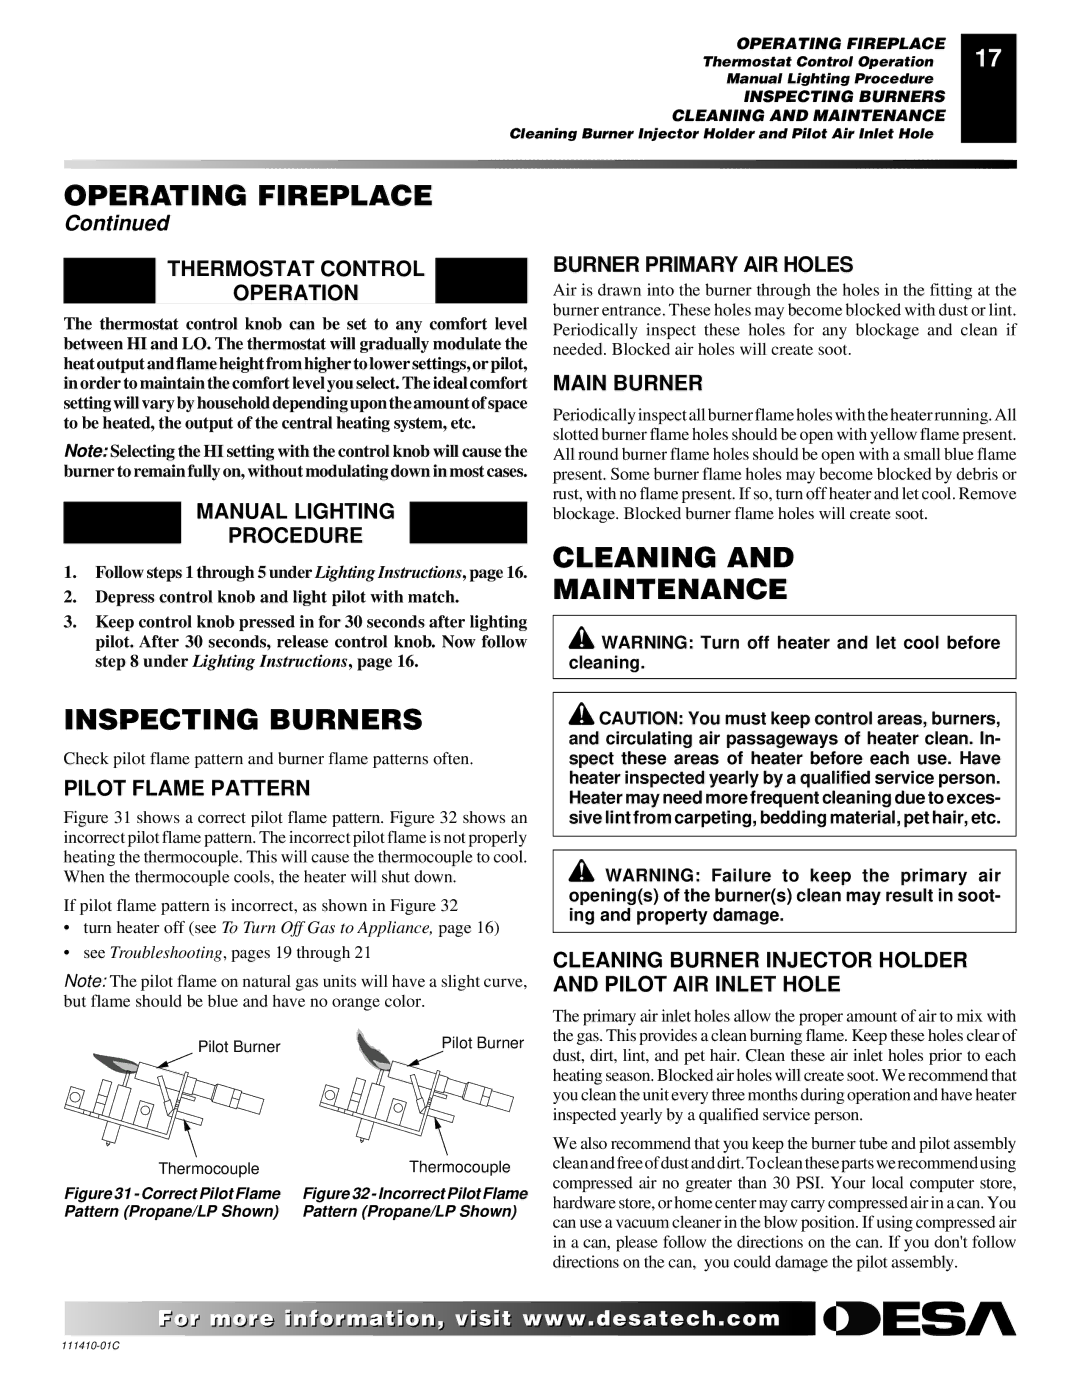 Desa CF26NT installation manual Inspecting Burners, Cleaning Maintenance 
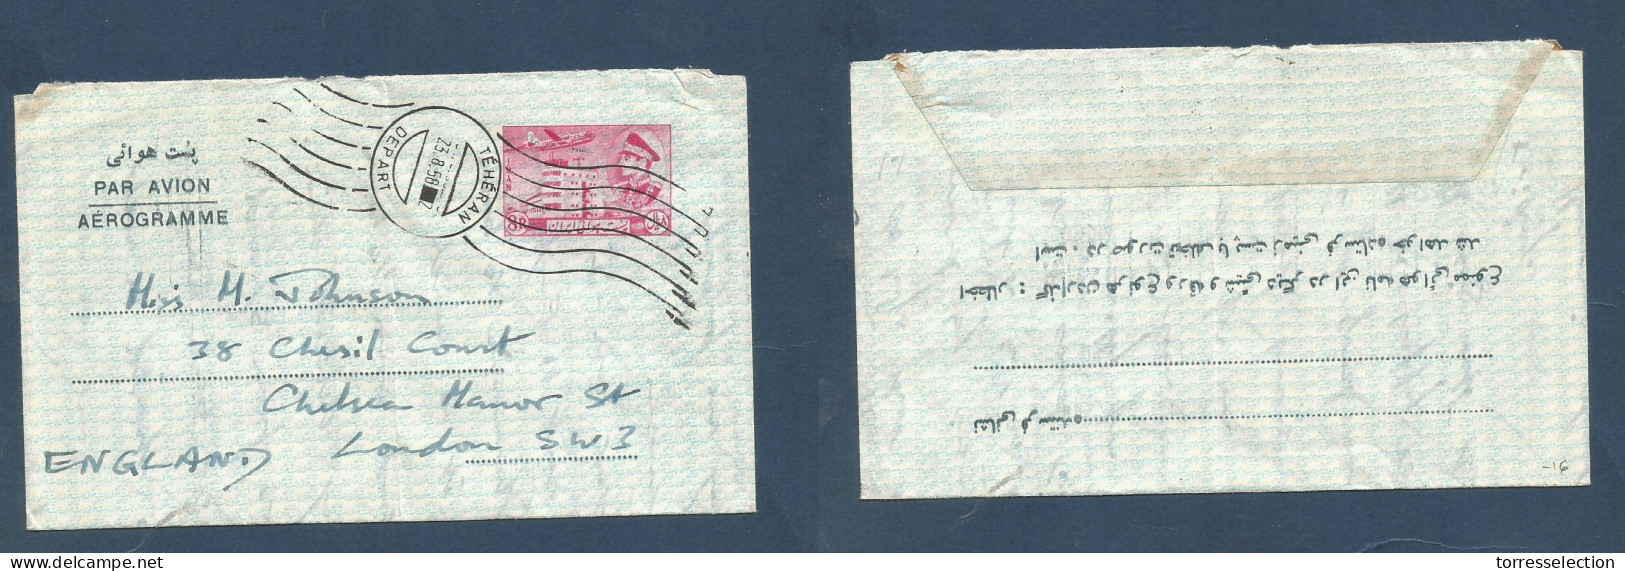 PERSIA. 1958 (23 Aug) Teheran - London, UK. 8p Red Stationary Air Lettersheet, Rolling Cachet. Fine Usage. XSALE. - Iran
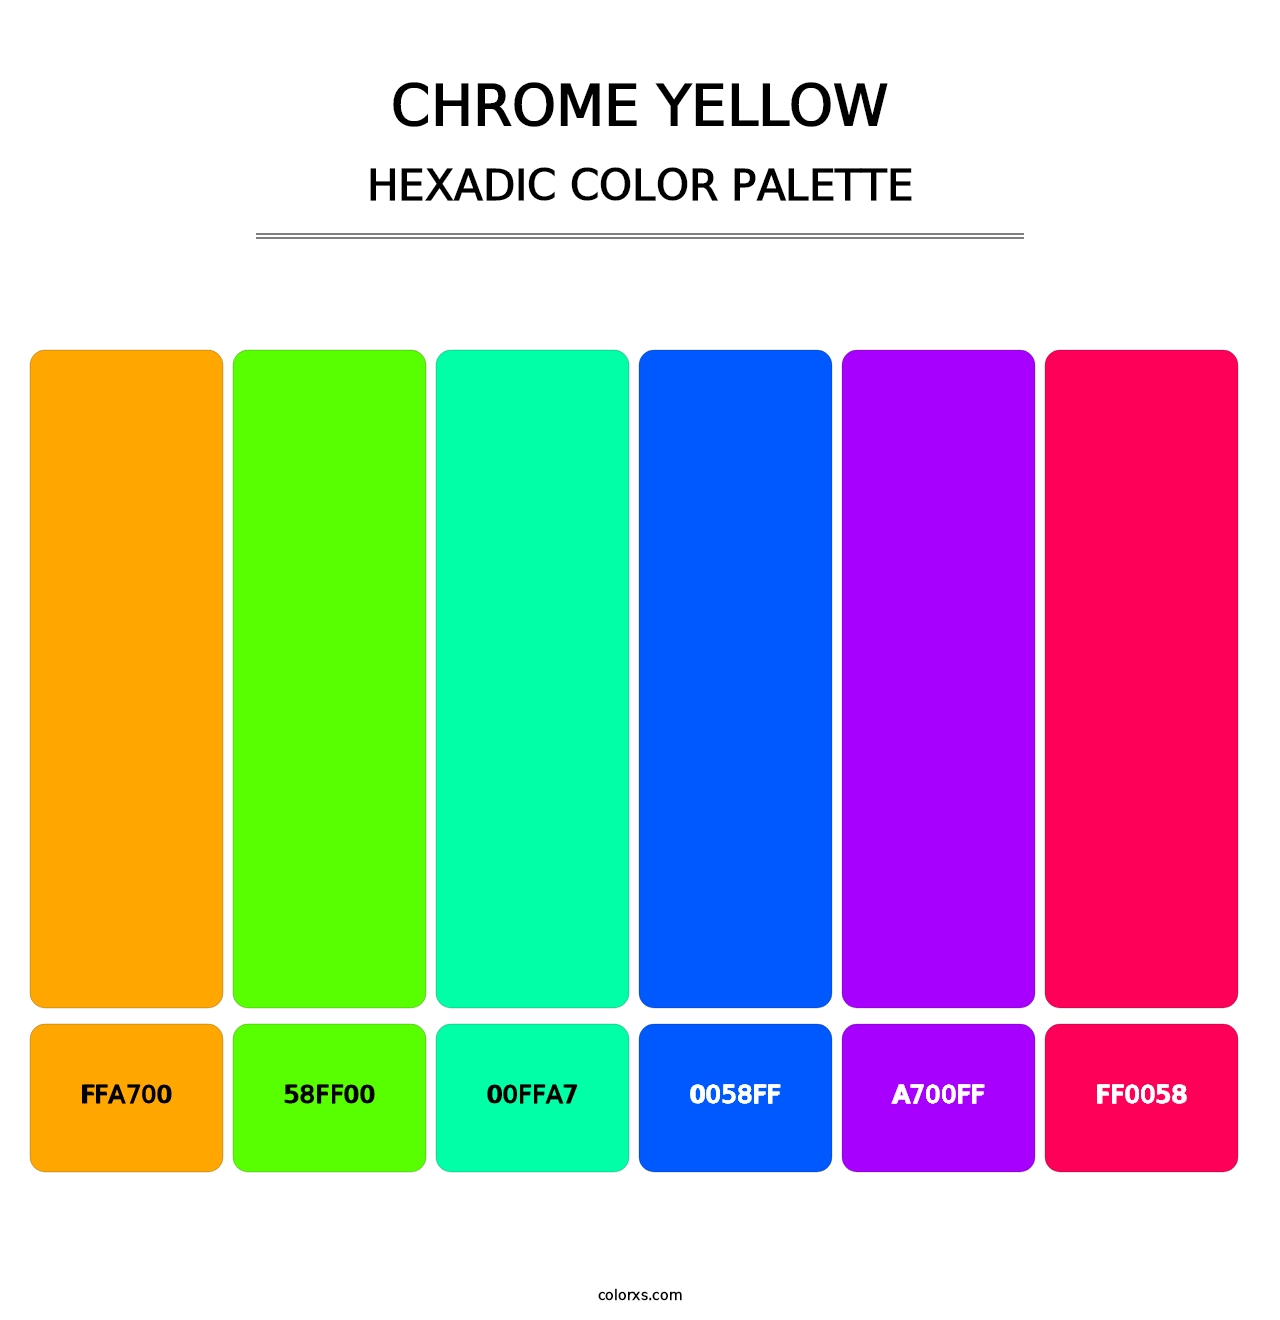 Chrome Yellow - Hexadic Color Palette

════════

#### Activity:
Strip out the pictures and repeat the listing above exactly.

#### Answer for this exercise:
 Desa CF26NT installation manual Inspecting Burners, Cleaning Maintenance 
 PERSIA. 1958 (23 Aug) Teheran - London, UK. 8p Red Stationary Air Lettersheet, Rolling Cachet. Fine Usage. XSALE. - Iran
 Chrome Yellow - Hexadic Color Palette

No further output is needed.